Юлиан Отступник, Леонардо да-Винчи, Петр Великий. Почему именно эти трое? Помнится, в свое время, когда только намечалась программа труда Мережковского и осуществлена была лишь первая его часть, критика с настойчивым недоумением повторяла этот вопрос. В самом деле, почему эти трое? Если нужны люди могучей духовной борьбы, титанического сомнения или мощной победы веры, резкого проявления духа Христова или антихристова, то можно без труда найти исторические фигуры ничуть не меньшей красочности и ничуть не меньшей характерности для эпохи, которыми можно продолжать эту триаду. Почему не Филон, не Диоклетиан, не Спиноза, не Грозный или Людовик XI, не Вольтер, не Наполеон? Почему, при наличности прочных исторических сближений, поставивших в неразрывную аналогию и связь некоторые имена, история никогда до Мережковского не спаяла этих трех звеньев — Юлиан, Винчи, Петр?
Если Юлиан весь ‘антихристов’, почему бы с ним уж так близко роднить гениального полуязычника Винчи или еще более нашего Петра? Правда, русский реформатор был к церкви и церковному чересчур хладнокровен и безразличен, но все его посягательства на церковь, при всей их бесцеремонности, никогда не были продиктованы пафосом богоборства, а всегда прямым государственным расчетом монарха-практика или своеобразною веселостью настроения.
Темный народ произвел Петра в антихристы. Разумеется, едва ли на одну минуту мог бы стать на такую точку интеллигентный ум. Разумеется, не мог бы подчиниться такому взгляду Мережковский, великий специалист по части апокалипсиса и антихриста. Однако вы видите Петра в его трилогии звеном, завершающим ту цепь, которая началась Юлианом-Апостатом.
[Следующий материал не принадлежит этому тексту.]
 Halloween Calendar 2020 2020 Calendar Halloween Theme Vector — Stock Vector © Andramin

Как хотите, в его логических параллелях есть что-то неполно совпадающее, искусственное и более или менее насильственно- подогнанное.

V.

Какая-то логическая искусственность и предвзятость — черта очень обычная в Мережковском. Синтетическое восприятие истории, улавливание истинной философии истории — великий и редкий дар. Как всякий истинный дар небес, он не поддается подделке. Простой вдумчивости далеко до этого дара, как земле до неба, и всякая попытка искания мирового смысла в явлениях жизни и истории оказывается покушением с негодными средствами, когда к ней приступает хотя бы и незаурядный и образованный, но не щедро одаренный таинственною способностью синтеза ум. В итоге появляется не мудрость, а мудрствование, и весь такой труд вызывает в памяти труды александрийской святоотеческой школы, усиленно упражнявшейся некогда во всевозможных, часто красивых, но всегда бесплодных аллегориях.
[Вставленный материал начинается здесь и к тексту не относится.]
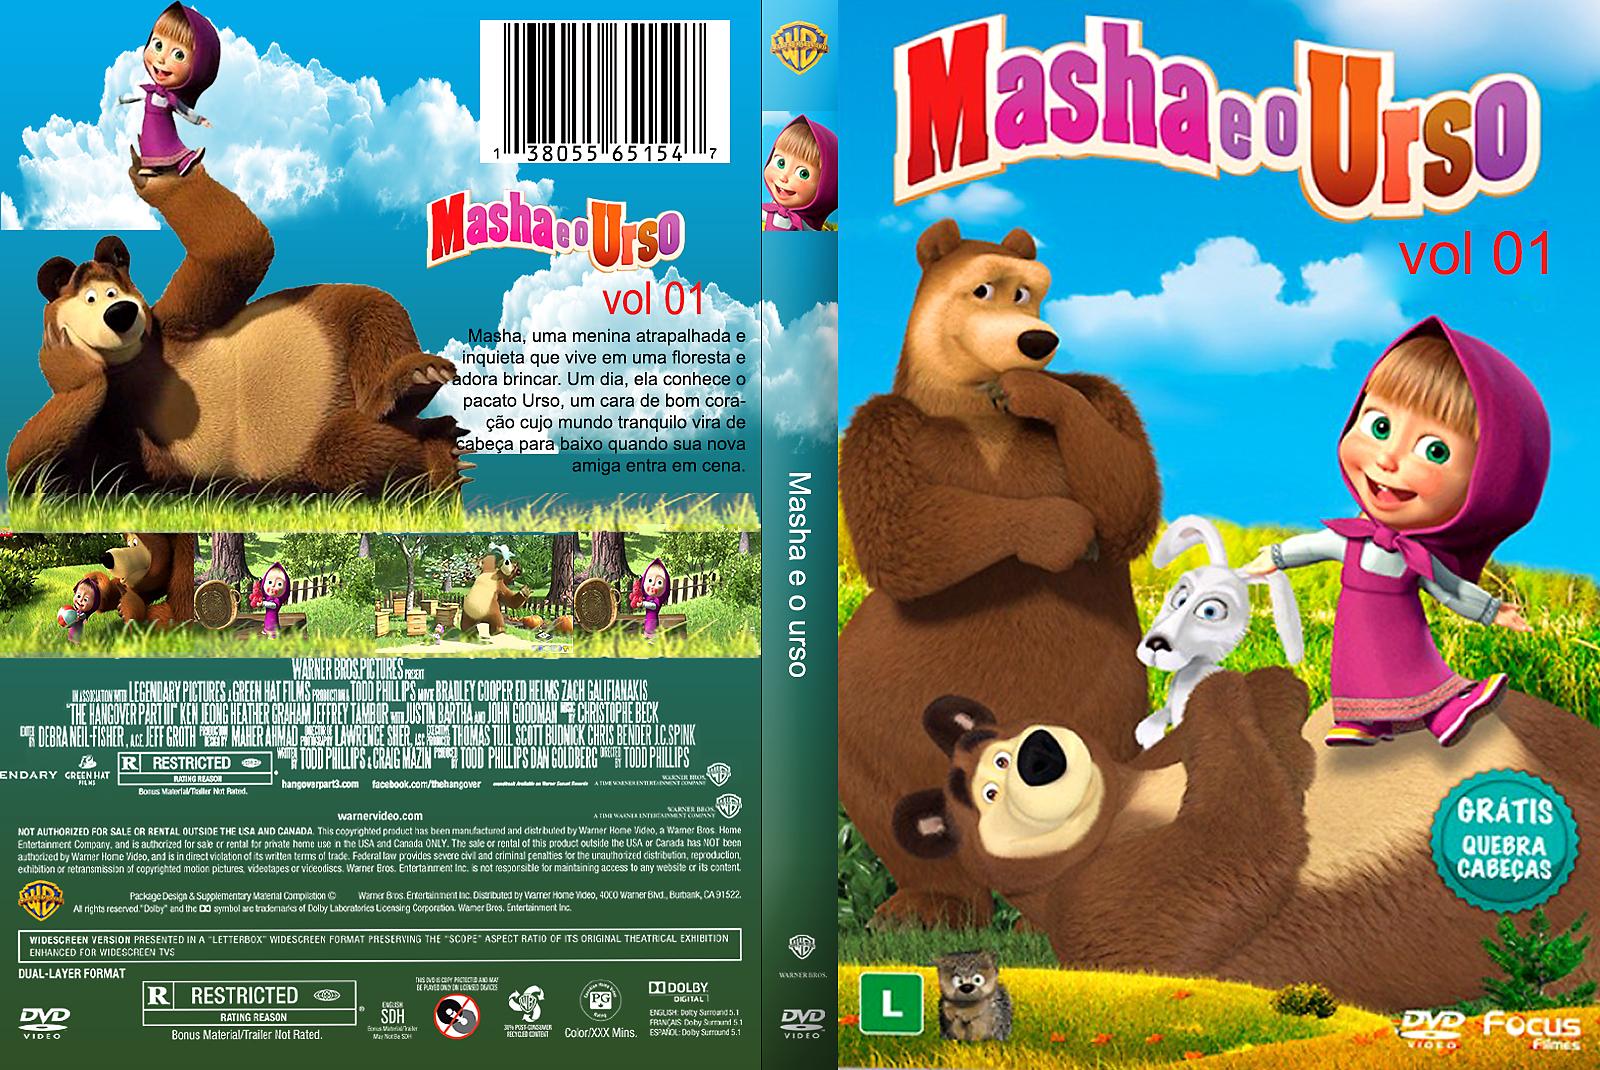 Masha e o Urso – Vol. 1 (2009) DVD-R Oficial

Недоумение стало полным и мотивированным, когда трилогия появилась вся целиком. Объединение Юлиана с Винчи и Петром — величайшее из насилий, какое когда-либо было совершаемо авторами трилогий!
Из трилогии вы и сейчас не видите, почему в ней должны были оказаться именно эти три героя. Историческая параллель с совершенною ясностью и удобством могла бы быть проведена на двух фигурах, в двух романах. С другой стороны, трилогии ничто не мешало обратиться в тетралогию, ибо было бы совершенно естественно и исторически легко показать, что подобно же народ воспринял и такую-то четвертую, пятую, шестую фигуру истории. Повторяю, принудительной логической убедительности не чувствуется сейчас в замысле Мережковского, как не чувствовалось когда-то, когда об его труде только анонсировали газетный заметки.
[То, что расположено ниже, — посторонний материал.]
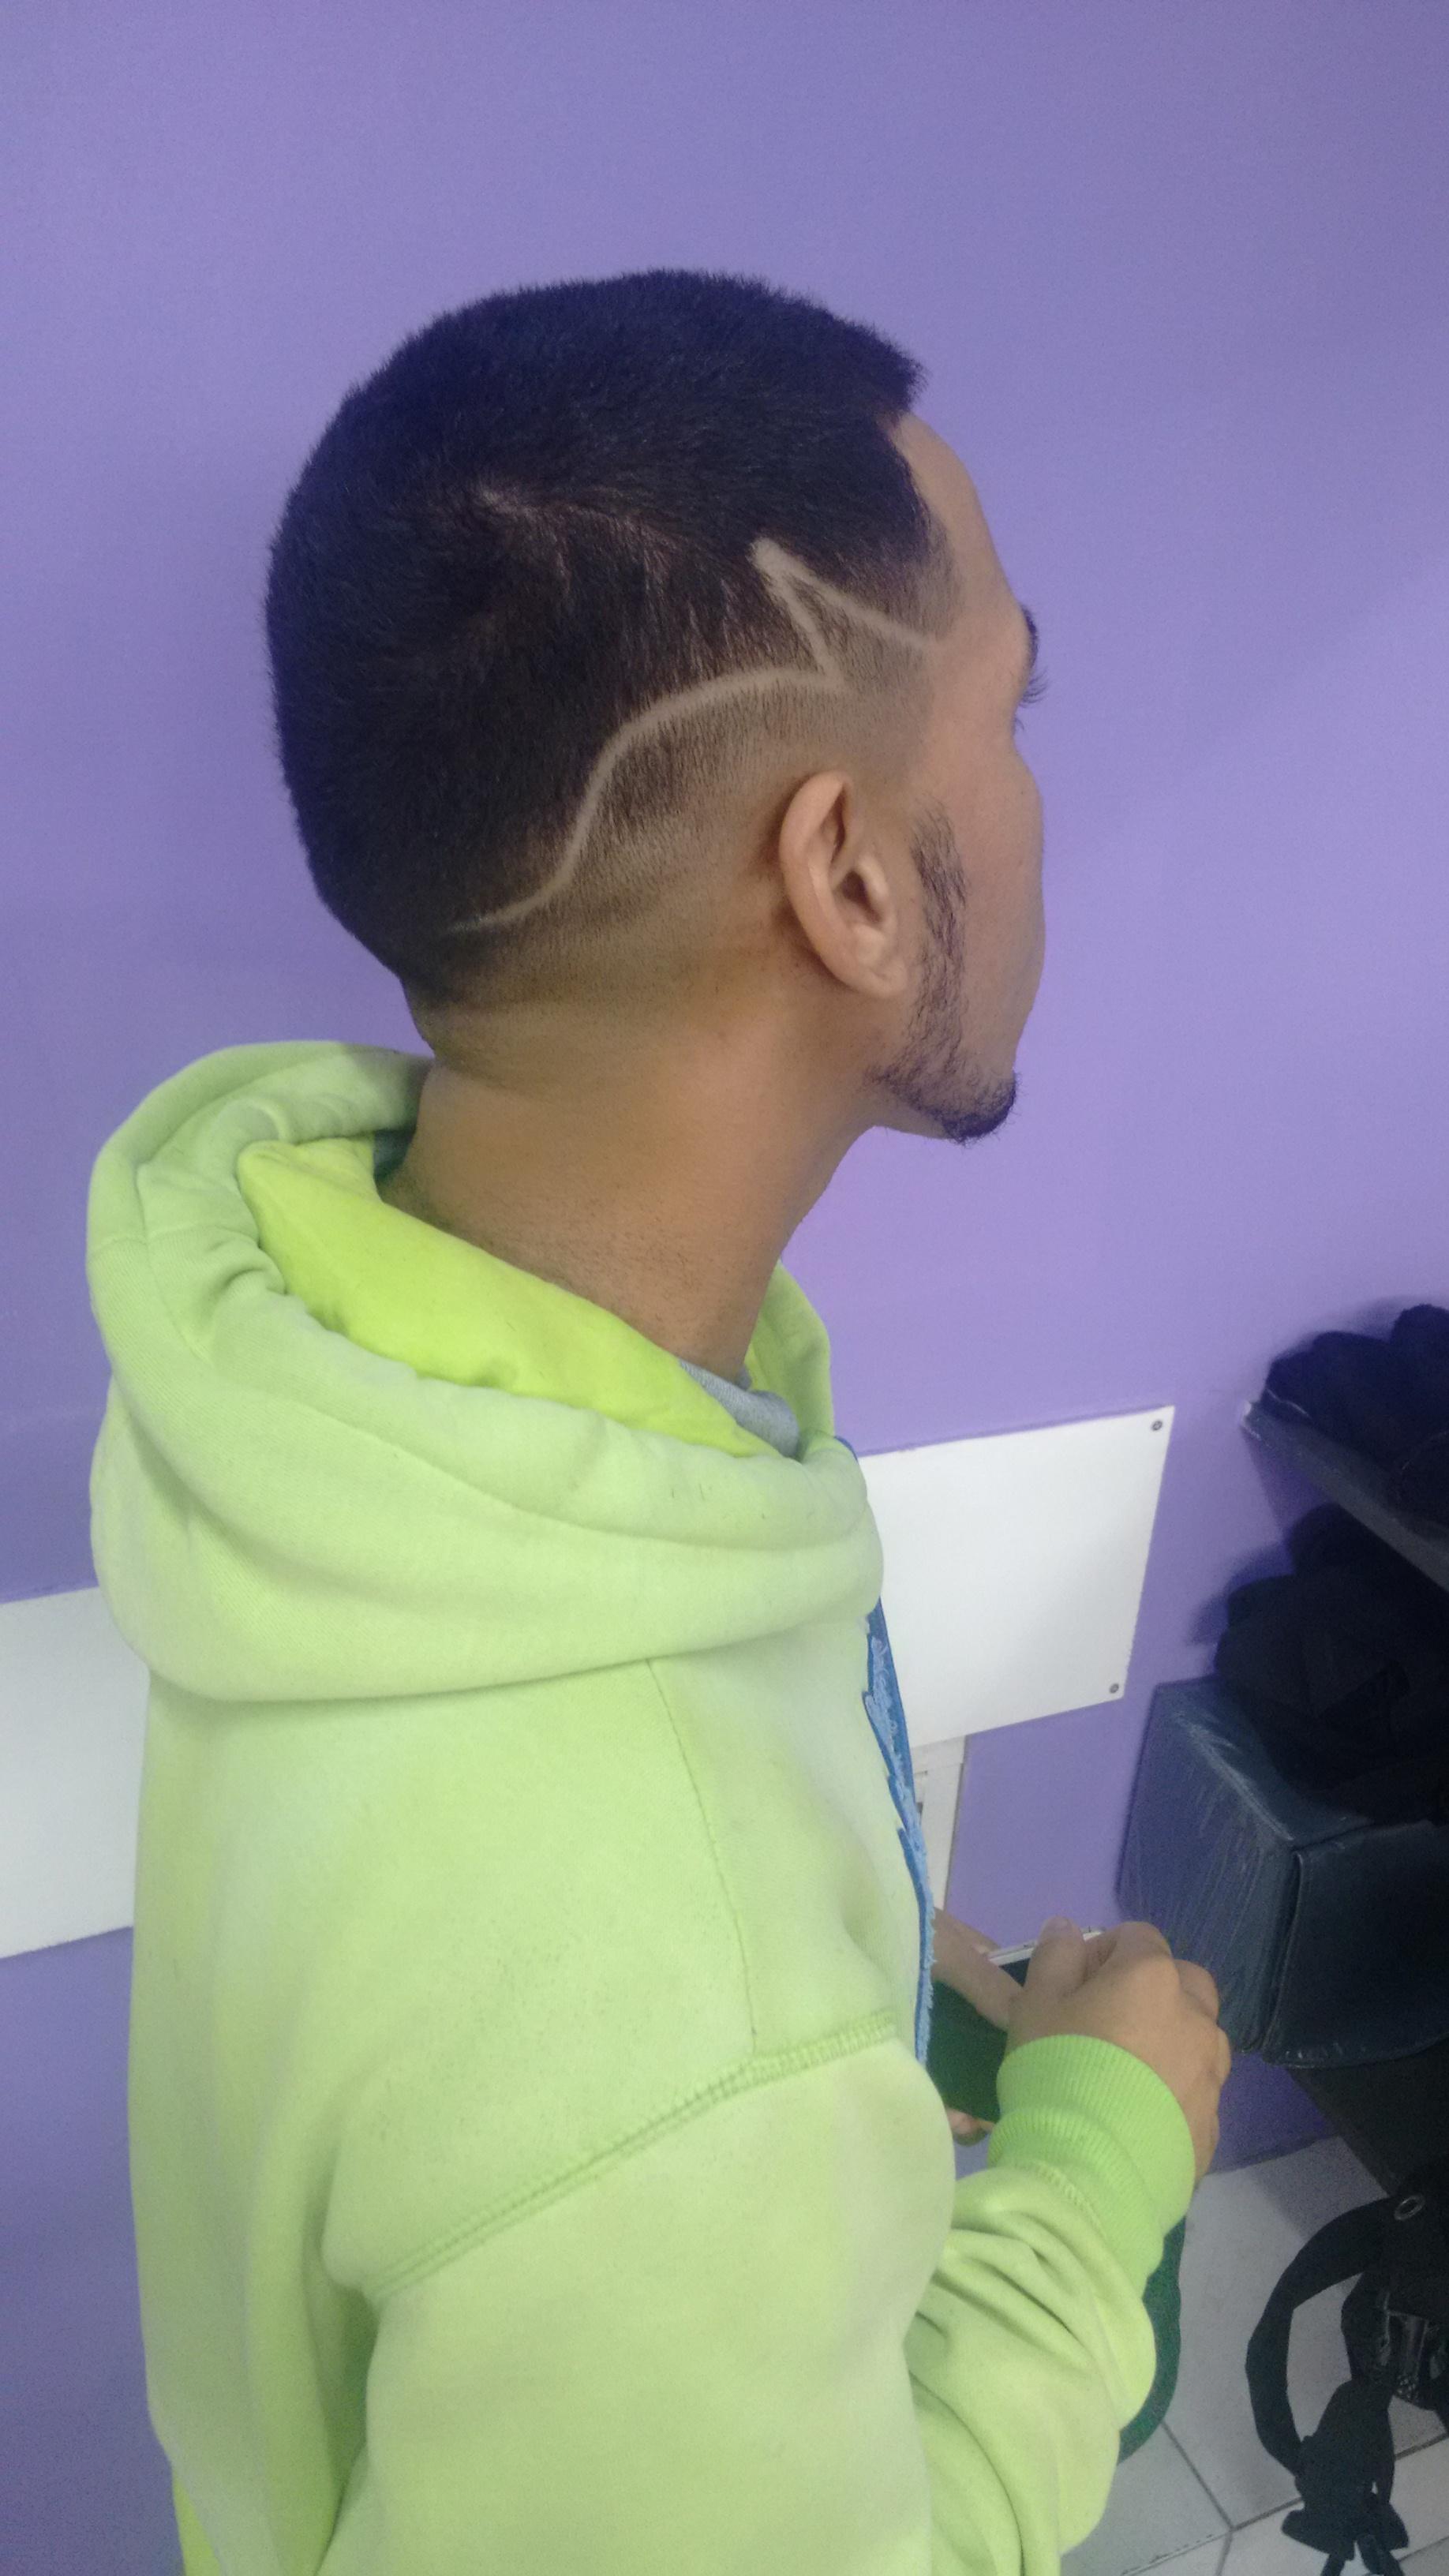 #freestyle #fade cabelo barbeiro(a)

Это, разумеется, не могло бы существенно вредить значительности порознь каждого из романов. И эта произвольность не мешает улавливать и основные мистико-философские идеи автора о борьбе в мире начал Христа и антихриста, — идеи, далекие еще от ясности и раздельности, но уже начинающие округляться.
В своем ‘Петре’ он провел те свои излюбленные идеи о религиозности, Христе, антихристе, духе и плоти, каким место в современных религиозно-философских собраниях. Мережковский подменил подлинную душу Юлиана душой современного интеллигента с его томлениями и чаяниями.
Уважающий свое мнение критик должен решительно отказаться от подсказа писателя, навязывающего ему искусственную, насильственную, надуманную идейную связь в трилогии. Порознь эти романы могут остаться серьезными, значительными явлениями нашей современной исторической беллетристики, признанными и за границей. Конечно, как небо от земли, они отстоят от жалких современных подделок. В них иногда схвачен дух века, век отражен в верном археологическом колорите, рисунок исторического образа точен и не искривлен. Их ахиллесова пята — те места, где Мережковский вкладывает в уста своих героев свои религиозные утопии, но это не погашает их интереса, красочности и значения.

VI.

Чем сейчас интересует и волнует Мережковский, это — своими философско-богословскими мечтаниями. В совсем недавнее время, в дни революции, они соприкоснулись с идеями политическими, и от этого столкновения брызнули новые струи в его творчестве.
Черта того же мастерства формы по преимуществу и той же содержательной бледности, слабости, пустынности еще ярче проявилась здесь.
Мережковскому бросали упрек в служении моде, в угодливости веяниям времени. Может быть, это и не так, но никак нельзя умолчать о том, что он нередко давал все поводы к тому, чтобы подобные подозрения высказывались не одними его литературными несочувственниками.
Михайловский некогда сказал о себе, что всю жизнь он проходил в одном сюртуке. Если этот образ применять к Мережковскому, о нем нужно сказать, что он был исключительными модником и охотно менял сюртук на пиджак, пиджак на смокинг, смокинг на фрак, а теперь с такою же легкостью готовь сменить фрак на рясу.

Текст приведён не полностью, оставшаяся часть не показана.